Actually, I'm not sure to what extent our disagreement is real. You say the texts describe a place; I say the place is described by the texts. The crux of the disagreement would seem to be causality - whereas you think of the fictitious place giving rise to texts about it, I think of the texts as creating the fictitious place.

It's almost a moot point, except that I think your way of thinking about it gives rise to a pseudo-problem about canon. That is, if you say, as you do, that Middle-earth is a place and that the texts were written about it, then it makes sense to ask the question "what is the truth about Middle-earth?" Which facts really correspond with Middle-earth and which do not? Was Gil-Galad the son of Fingon or the son of Orodreth? If we apply a correspondence theory of truth to the texts then these questions make sense, and it is troubling when there seems (as often happens) no good way to answer them.

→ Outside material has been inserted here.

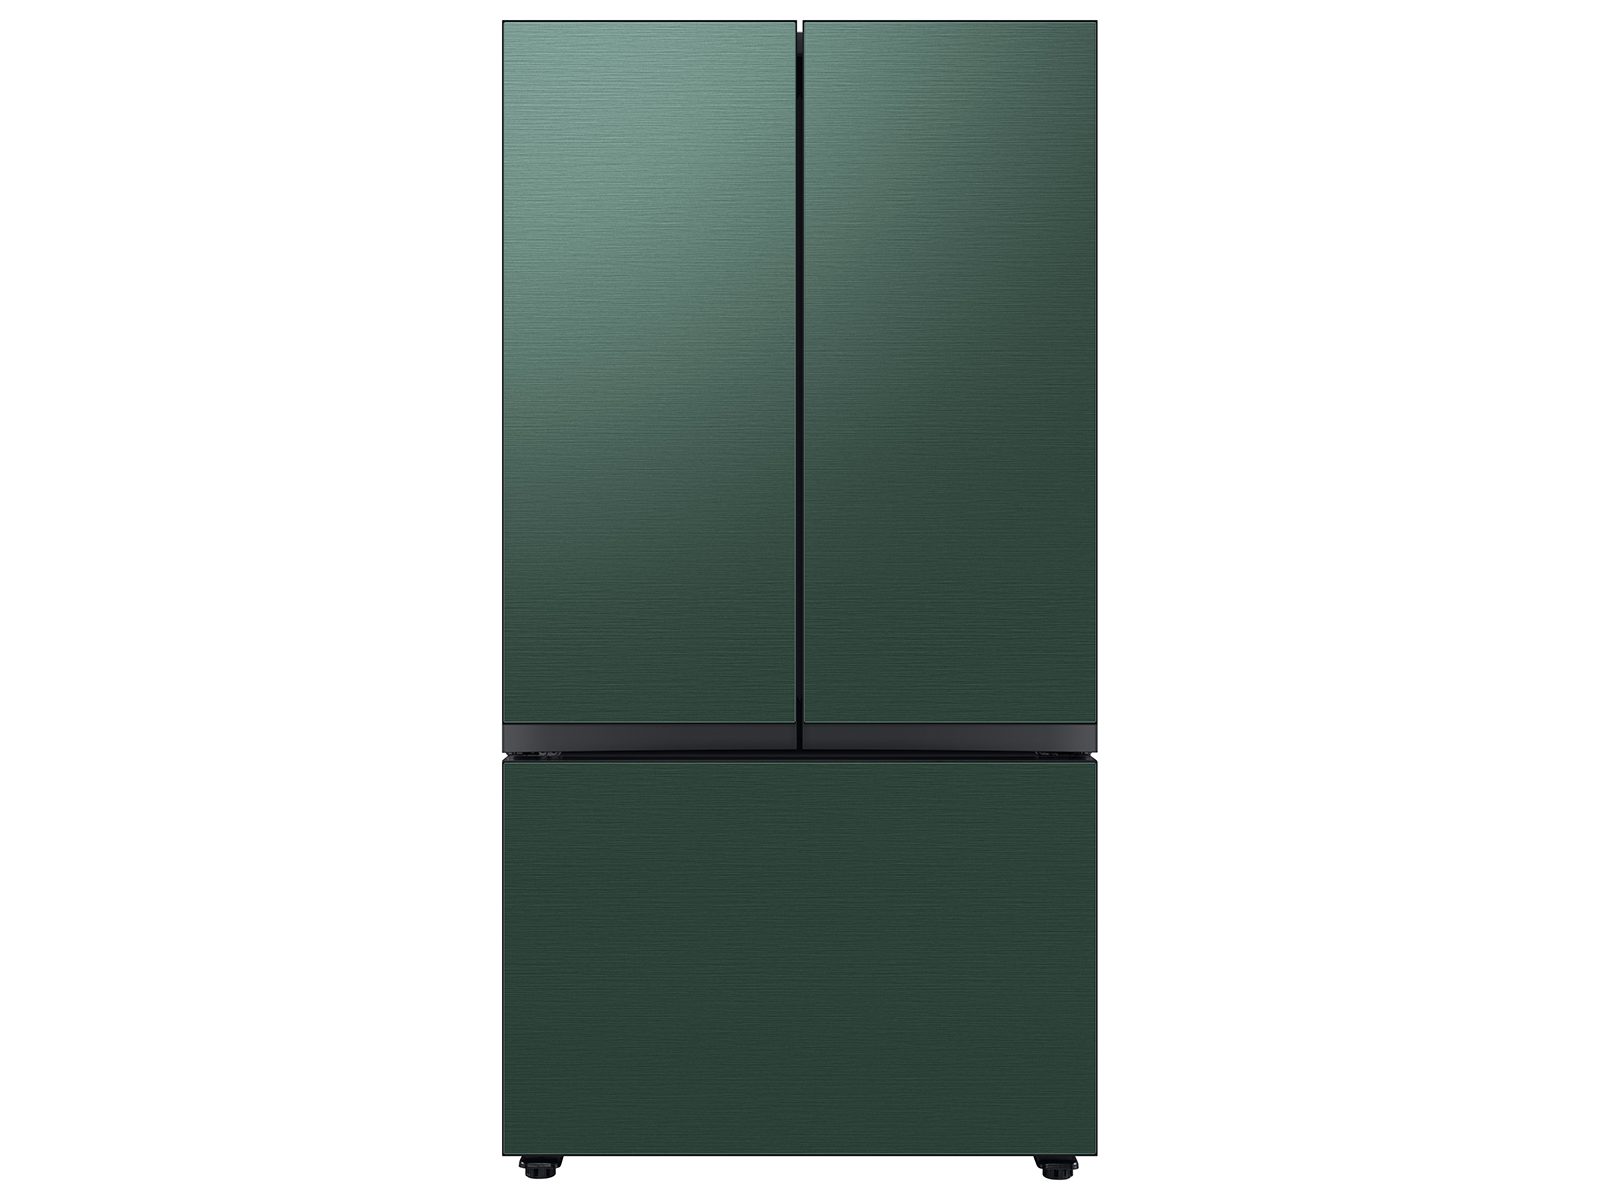 Samsung Bespoke 3-Door French Door Refrigerator (24 cu. ft.) with Beverage Center™ in Emerald in Green Steel(BNDL-1650311698378)

The problem is resolved by looking at things from my perspective. There is no single truth about Middle-earth because there is no single, original Middle-earth. It is of course true that you can take various coherent sets of statements from the texts and use as the basis for the imaginary place. But there's no need to be shocked or dismayed when you discover that someone else has taken a different set and done the same thing.

Of course I don't deny that archetypes and such are objectively real psychological features. But let's not confound these archetypes with the facts about Middle-earth. The archetypes are present in countless works of literature stretching back over thousands of years; many, if not most, of these works of literature contradict each other. They involve the same archetypes but the specific facts they assert are in contradiction.

So I certainly would not be averse to saying that, in a sense, the texts of the Silmarillion, LotR, and The Hobbit are about objectively real archetypes. But the specific, self-consistent reality of Middle-earth arises from them.